• _Source records_
□ □ □

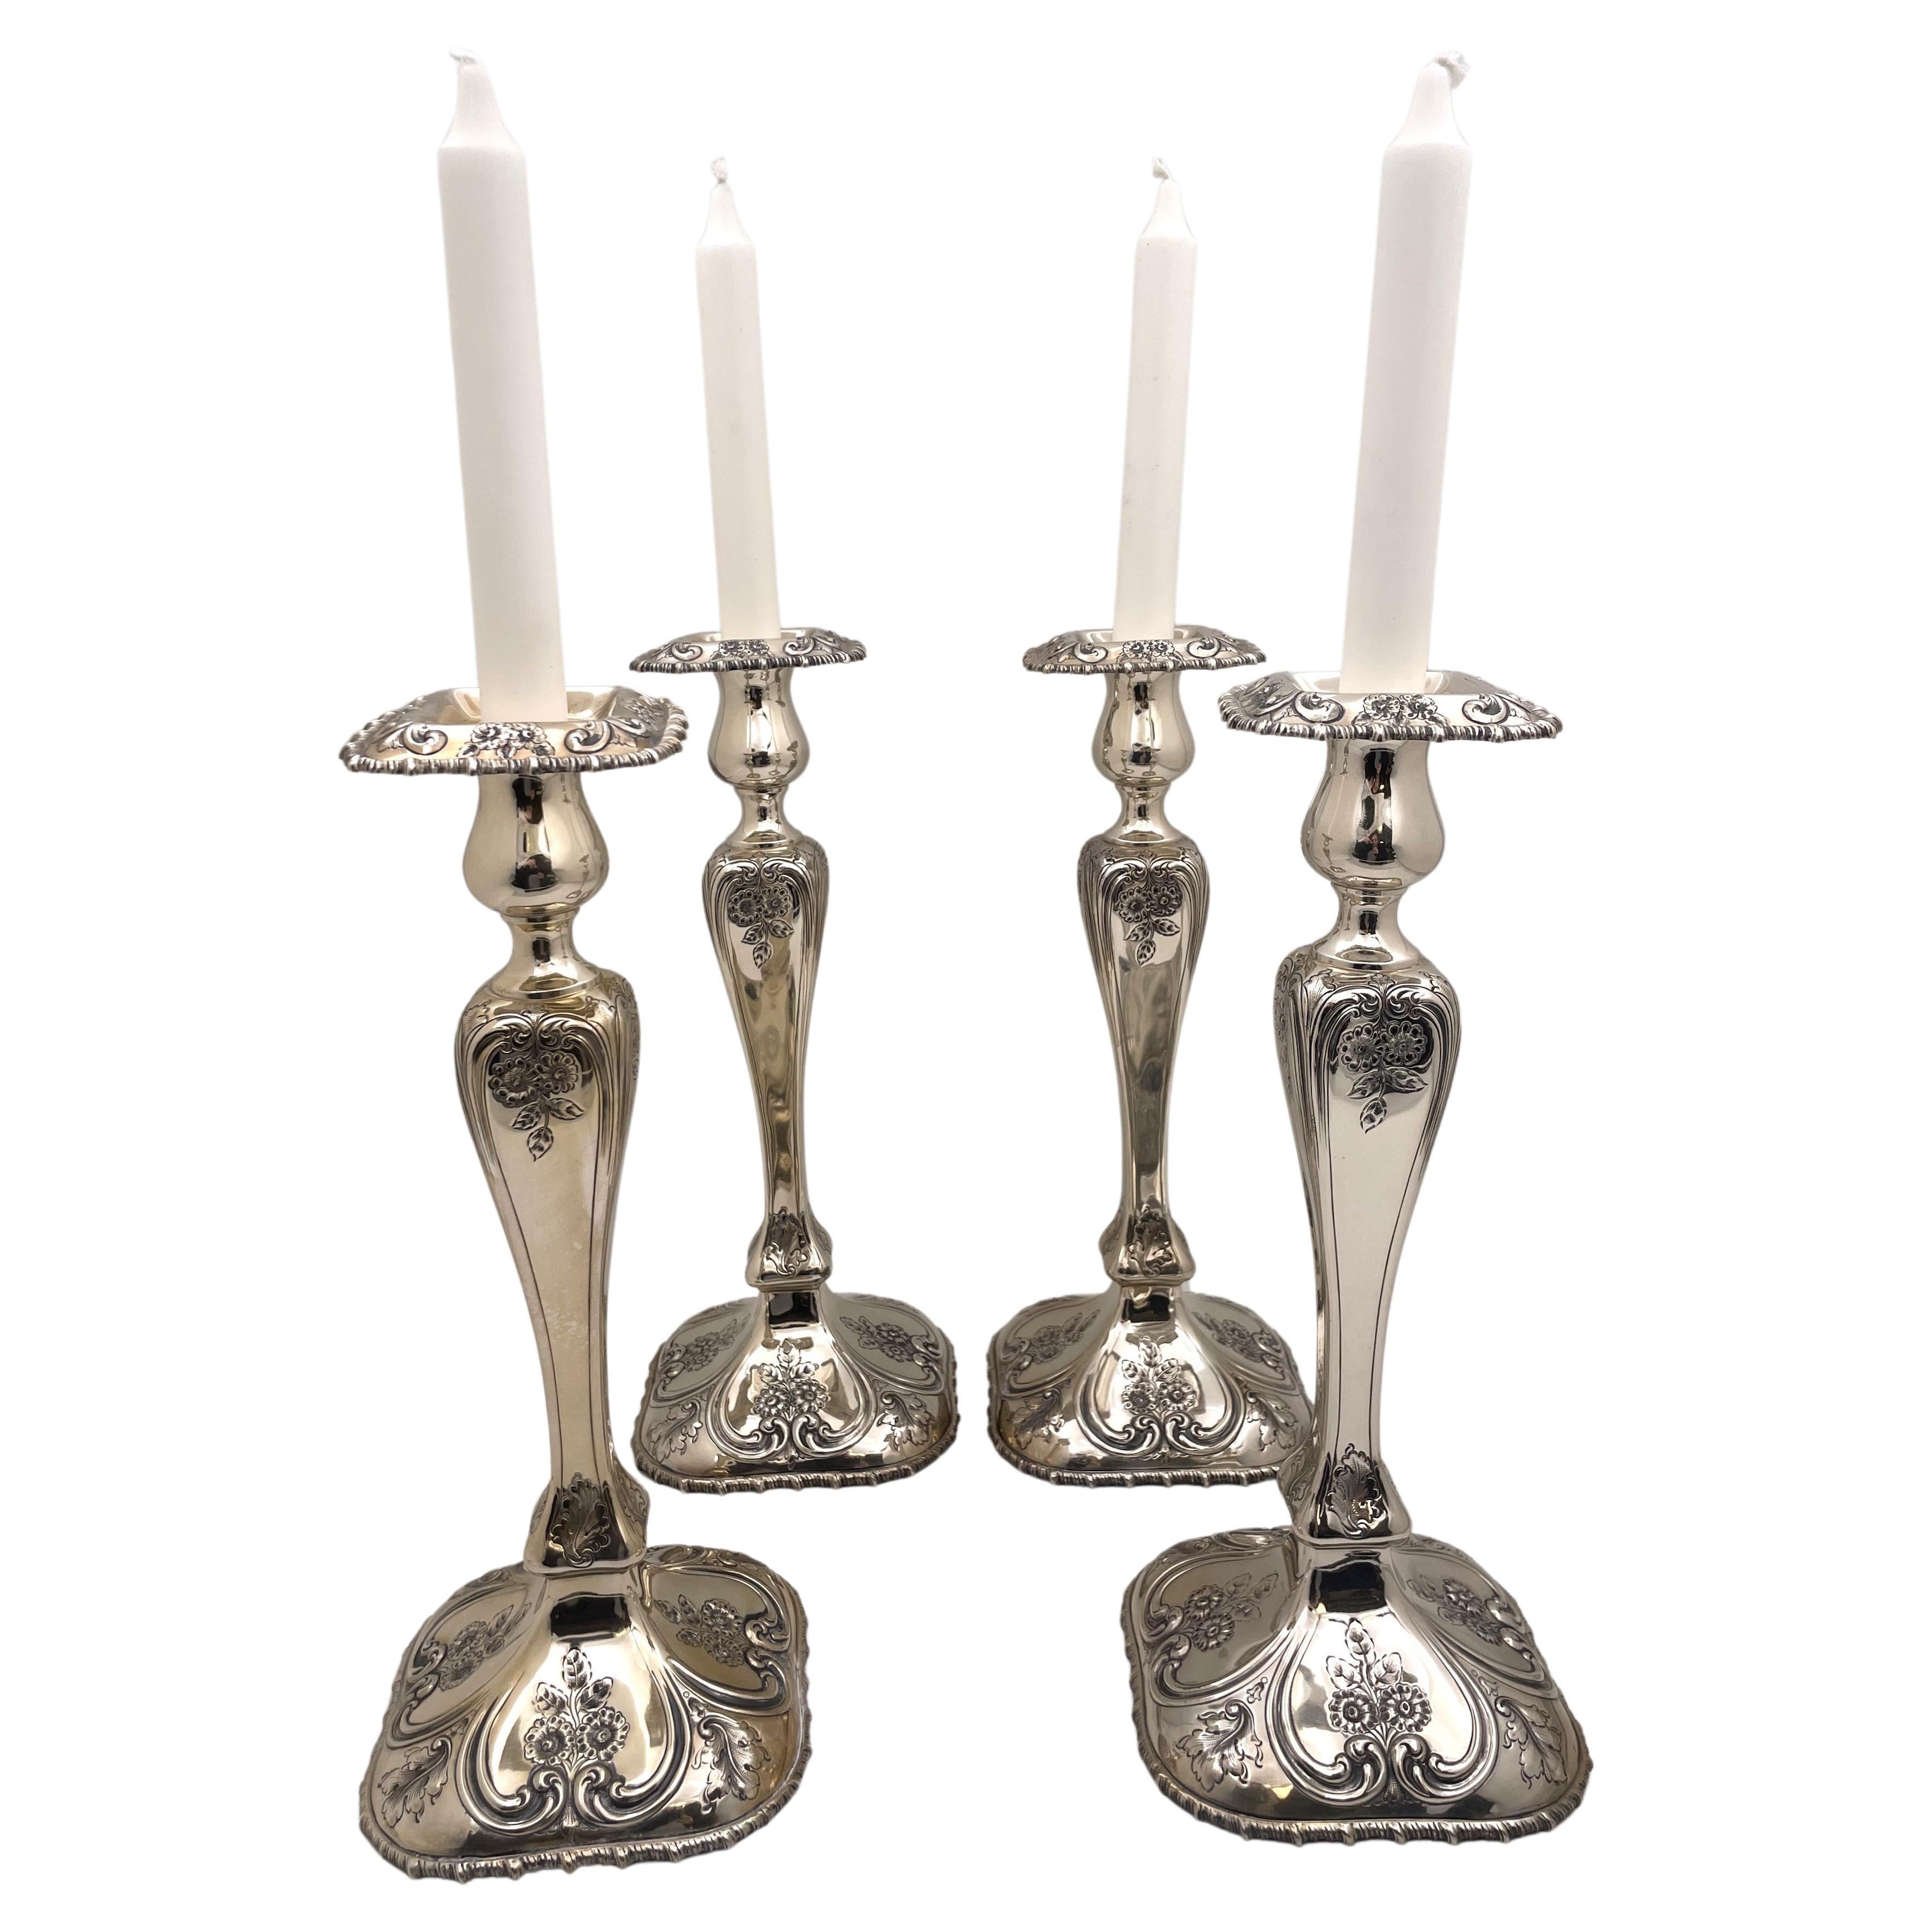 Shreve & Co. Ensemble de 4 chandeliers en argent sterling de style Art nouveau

□ □ □

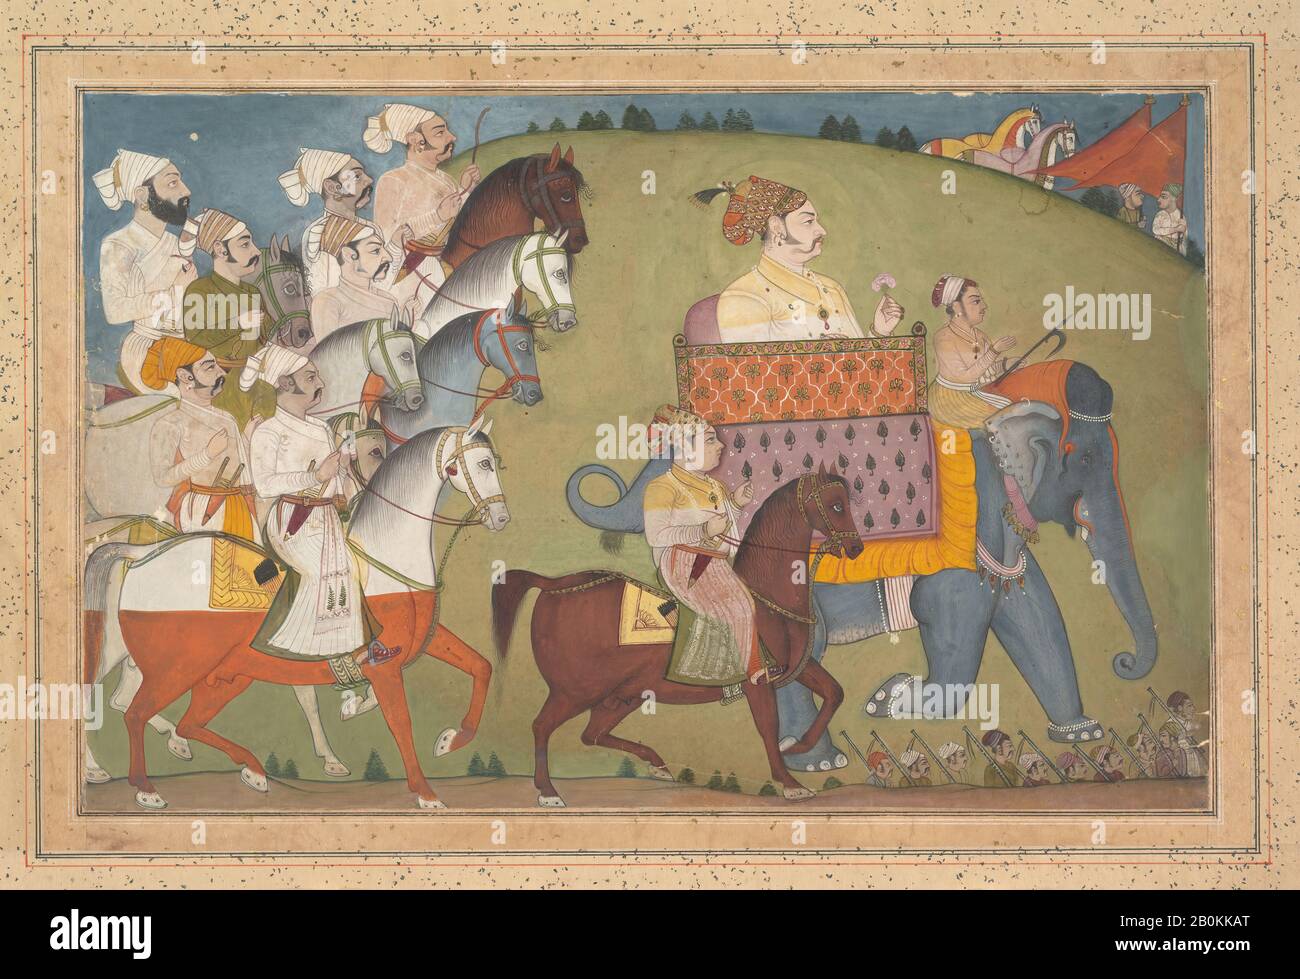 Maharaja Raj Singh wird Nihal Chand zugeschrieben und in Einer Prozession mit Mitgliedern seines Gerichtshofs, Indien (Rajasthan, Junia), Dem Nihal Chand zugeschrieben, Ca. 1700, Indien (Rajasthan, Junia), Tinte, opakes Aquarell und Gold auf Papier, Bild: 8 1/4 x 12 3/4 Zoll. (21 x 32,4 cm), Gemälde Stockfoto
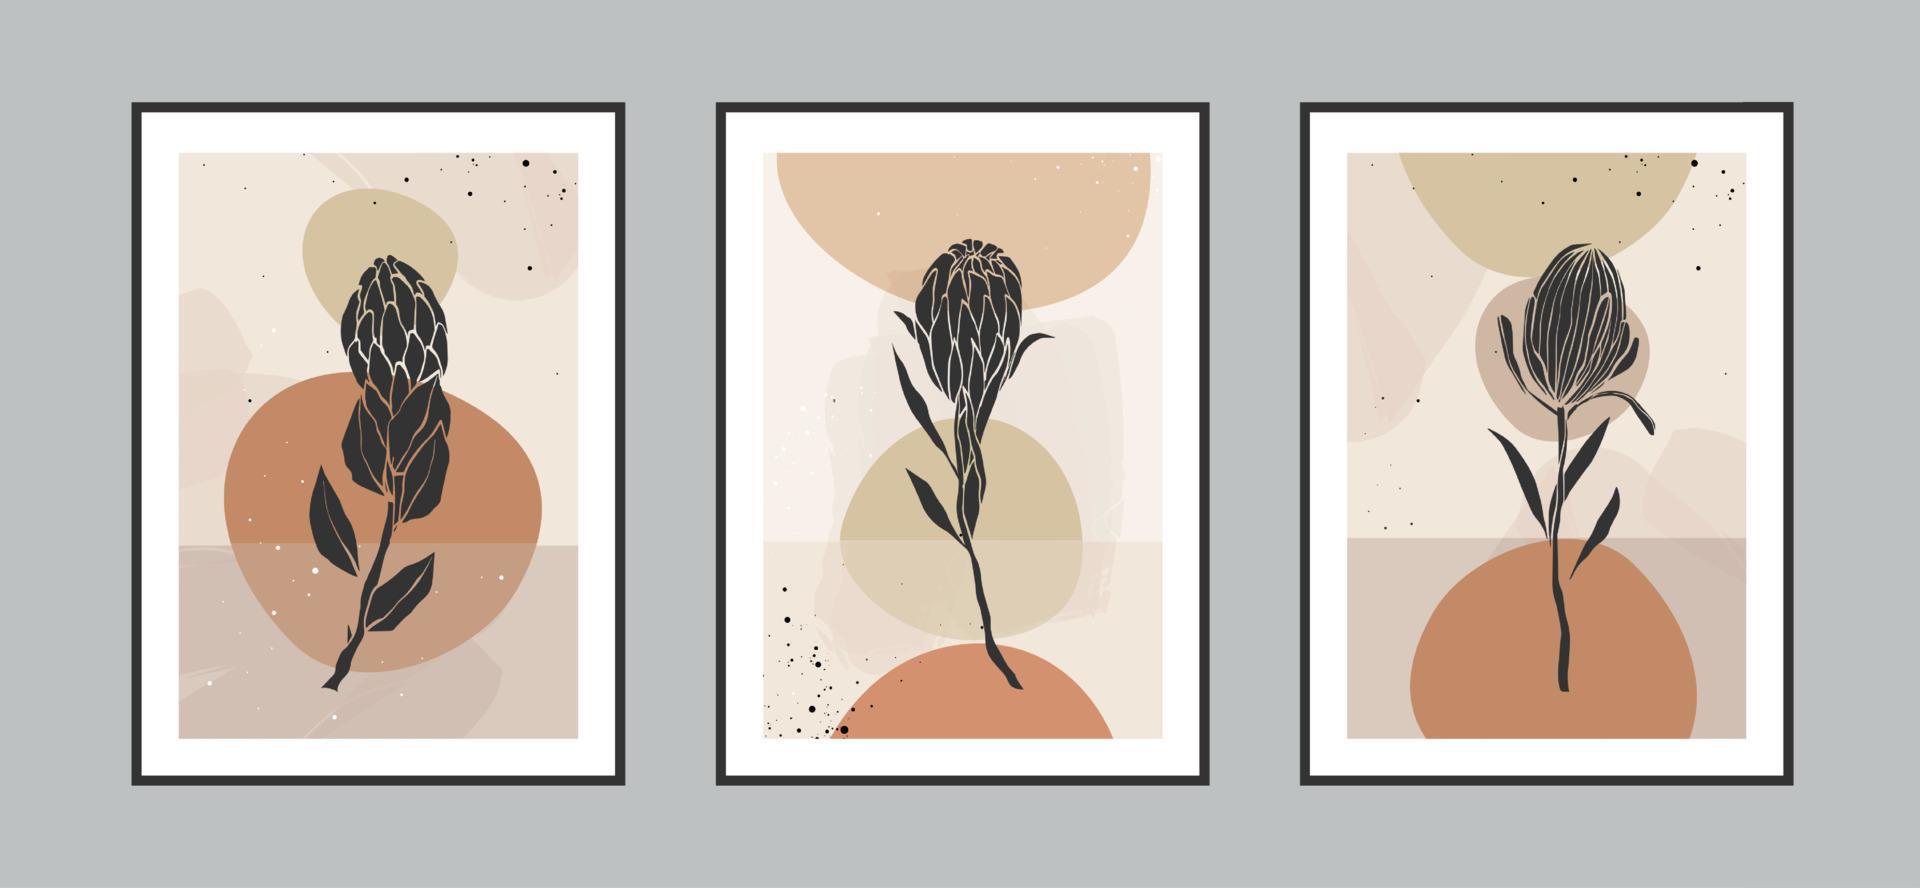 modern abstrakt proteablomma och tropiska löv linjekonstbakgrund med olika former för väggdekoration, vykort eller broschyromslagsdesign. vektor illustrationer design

□ □ □

• _Work request_
In the listing above, find the line with "Maharaja Raj Singh" and the line with "modern abstrakt proteablomma". Set down both and every line between them, minus the pictures.

• _Answer space_
 Maharaja Raj Singh wird Nihal Chand zugeschrieben und in Einer Prozession mit Mitgliedern seines Gerichtshofs, Indien (Rajasthan, Junia), Dem Nihal Chand zugeschrieben, Ca. 1700, Indien (Rajasthan, Junia), Tinte, opakes Aquarell und Gold auf Papier, Bild: 8 1/4 x 12 3/4 Zoll. (21 x 32,4 cm), Gemälde Stockfoto
 modern abstrakt proteablomma och tropiska löv linjekonstbakgrund med olika former för väggdekoration, vykort eller broschyromslagsdesign. vektor illustrationer design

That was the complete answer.